Special offer

FHA MI CHANGES JUNE 2013 BUYER BEWARE

By
Mortgage and Lending with D A Griffin Financial.LLC NMLS 6380

moneyFHA MI CHANGES JUNE 2013 BUYER BEWARE

 

JUNE 3, 2013 will bring big changes to FHA. Real estate agents and home buyers need to be aware of how the changes in FHA will impact a home purchase. FHA for a long time has been a go to loan program for first time home buyers in particular. Higher debt to income, lower credit scores and higher loan to value loans, plus the fact down payment funds may be a gift or grant all are reasons to look at FHA.

In the past the fact FHA had an up front mortgage insurance premium plus a monthly factor was offset by other factors in comparing it to a conventional mortgage loan. When the up front or monthly mortgage insurance was lower, FHA displayed little disadvantage. The recent increased up front MI requirement, plus the monthly requirement has caused us to take a good look before recommending FHA.
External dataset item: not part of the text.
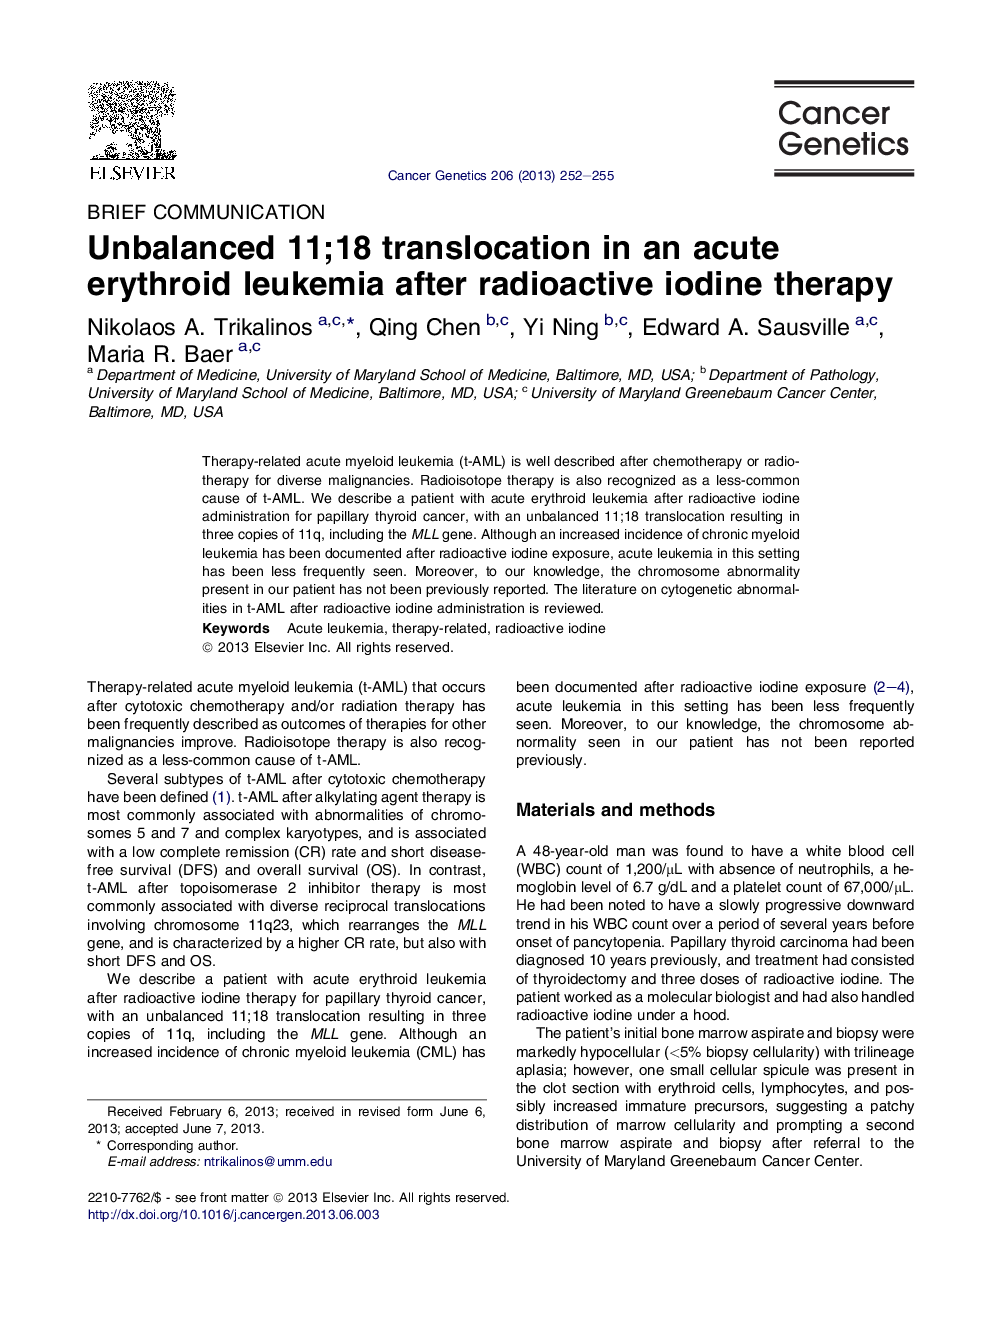 Unbalanced 11;18 translocation in an acute erythroid leukemia after radioactive iodine therapy

Now as of June 3, 2013 there is even a greater reason to be sure we as loan originators and real estate agents are making borrowers aware of the difference in FHA and other loan programs.

 

Most of us in the industry are used to explaining private mortgage insurance. As part of that discussion the question about dropping the mortgage insurance comes up. Depending upon the loan program someone starting out with mortgage insurance could drop it at 78% or 80% loan to value, with some minimum time it must stay with the loan. For FHA loans, this changes on June 3, 2013.

 

FOR LOANS WITH LESS THAN 90% LOAN TO VALUE MORTGAGE INSURANCE CAN BE DROPPED WHEN THE HOME OWNER REACHES 78% LOAN TO VALUE. BUT MUST BE KEPT IN PLACE FOR 11 YEARS MINIMUM.

 

FOR LOANS WITH GREATER THAN 90% LOAN TO VALUE MORTGAGE INSURANCE IS PERMANENT, REGARDLESS OF LOAN TO VALUE. 

 

To avoid the above changes FHA case numbers must be ordered before June 3, 2013. For those home buyers considering using FHA, it would benefit them to buy prior to this change. On those mortgage loans with minimal down payment, refinance is the only way out of PMI even with 22% equity is attained, BUT we are experiencing the lowest interest rates in history. The liklihood one will want to refinance out of a really low rate in a few years is low.

After June 3, 2013, there will be those loans that FHA will work best for; unless other loan programs make similar changes, I would think FHA would lose market share. When they already are suffering due to a lack of cash, I cannot imagine less business is the answer, but a reasonable person would believe it is what we will have going forward in June.

 

Joe Petrowsky
Mortgage Consultant, Right Trac Financial Group, Inc. NMLS # 2709 - Manchester, CT
Your Mortgage Consultant for Life

We are already moving toward doing less FHA mortgages. Hopefully, they do something to eliminate this stupidity.

Apr 29, 2013 11:58 PM
Dora Griffin
D A Griffin Financial.LLC - Fort Thomas, KY
NMLS 6380

I agree, Joe. It sure makes our explanation of why one needs MI a little harder. I always explain that it is to cover the lender in the event there is a default. I wonder how they justify that when a borrower has say, 50% equity.